Argentina buscará hoy ante Colombia su cuarta victoria en línea para cerrar como líder solitario la primera etapa de las eliminatorias sudamericanas al Mundial de Sudáfrica-2010, señalaron ayer en Bogotá los jugadores celestes Carlos Tévez y Juan Román Riquelme.
«Mañana nos toca el último partido antes de cerrar el año y queremos terminar primeros», dijo Tévez en una rueda de prensa con Riquelme en un hotel del norte de Bogotá, donde se concentra la selección argentina.
«Pensamos que las cosas van a salir bien, que cada partido podemos ir mejorando, estamos contentos con los tres que hemos ganado y esperamos terminar este año de la misma manera», agregó el delantero del Manchester United.
Por su parte, Riquelme, goleador de Argentina en el premundial con cuatro tantos, confió en ampliar su racha anotadora ante los cafeteros, que ocupan el cuarto lugar de la clasificación con cinco puntos.
«Ojalá las cosas sigan igual. Si hoy tengo la posibilidad de cobrar un tiro libre, espero que pueda terminar en gol. Lo importante es que Argentina juegue bien», señaló el creativo del Villarreal de España.
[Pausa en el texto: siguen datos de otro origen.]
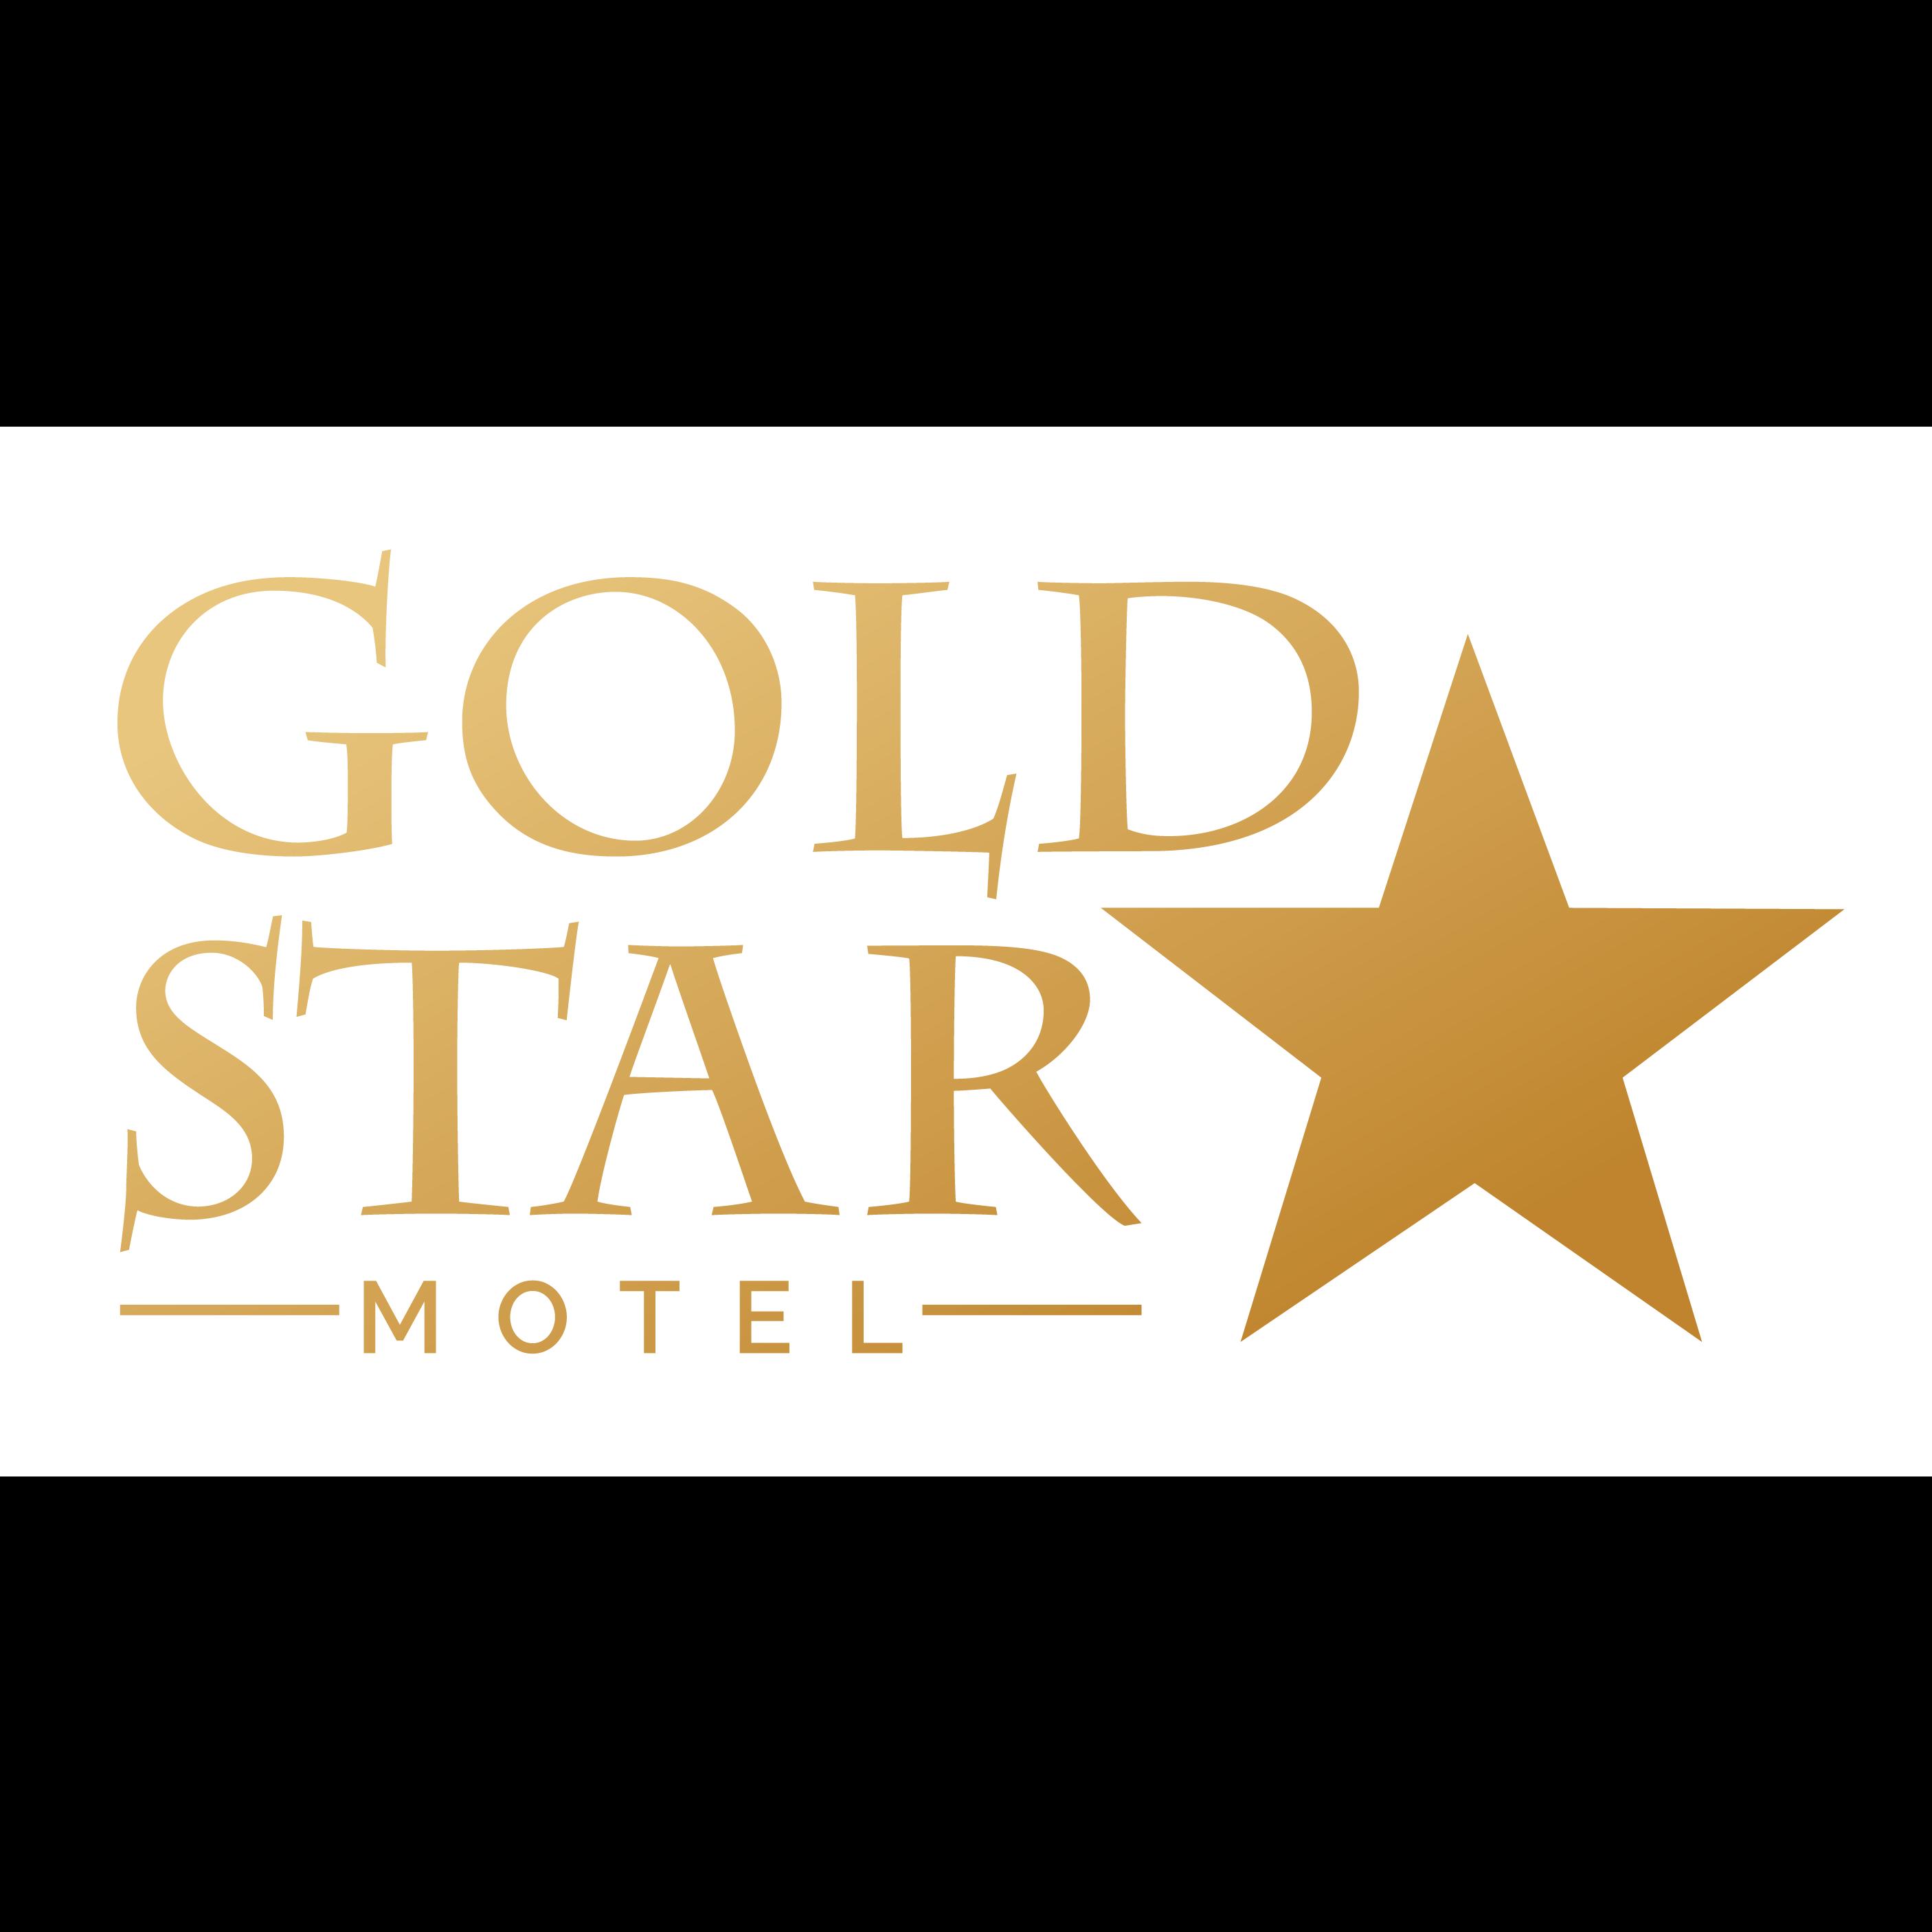 Gold Star Motel image 1

Tres de las conquistas de Riquelme en el premundial fueron de pelota quieta.
Los dos jugadores también coincidieron en que Argentina intentará imponer el ritmo de juego, entre otras cosas, para contrarrestar los efectos de la altura de Bogotá, de 2.600 metros.
«He jugado muchos partidos en la altura, influye un poco, pero creo que depende de nuestra mentalidad y de cómo manejemos la pelota, porque si nosotros la transportamos el que va correr es Colombia y no nosotros. En esas condiciones se hace mucho más fácil jugar en la altura», comentó Tévez.
«Sabemos que si durante los 90 minutos Argentina maneja el balón y controla el partido, algún jugador nuestro se va a iluminar y vamos a poder sacar ventaja», complementó Riquelme, indicando que el cuadro colombiano «será un rival difícil porque va a tratar de hacer las cosas bien en casa».
El cuadro albiceleste realizó ayer su única práctica de cara al partido, y en la noche reconoció la gramilla del estadio El Campín, mientras que los cafeteros efectuaron su último entrenamiento a puerta cerrada en la mañana.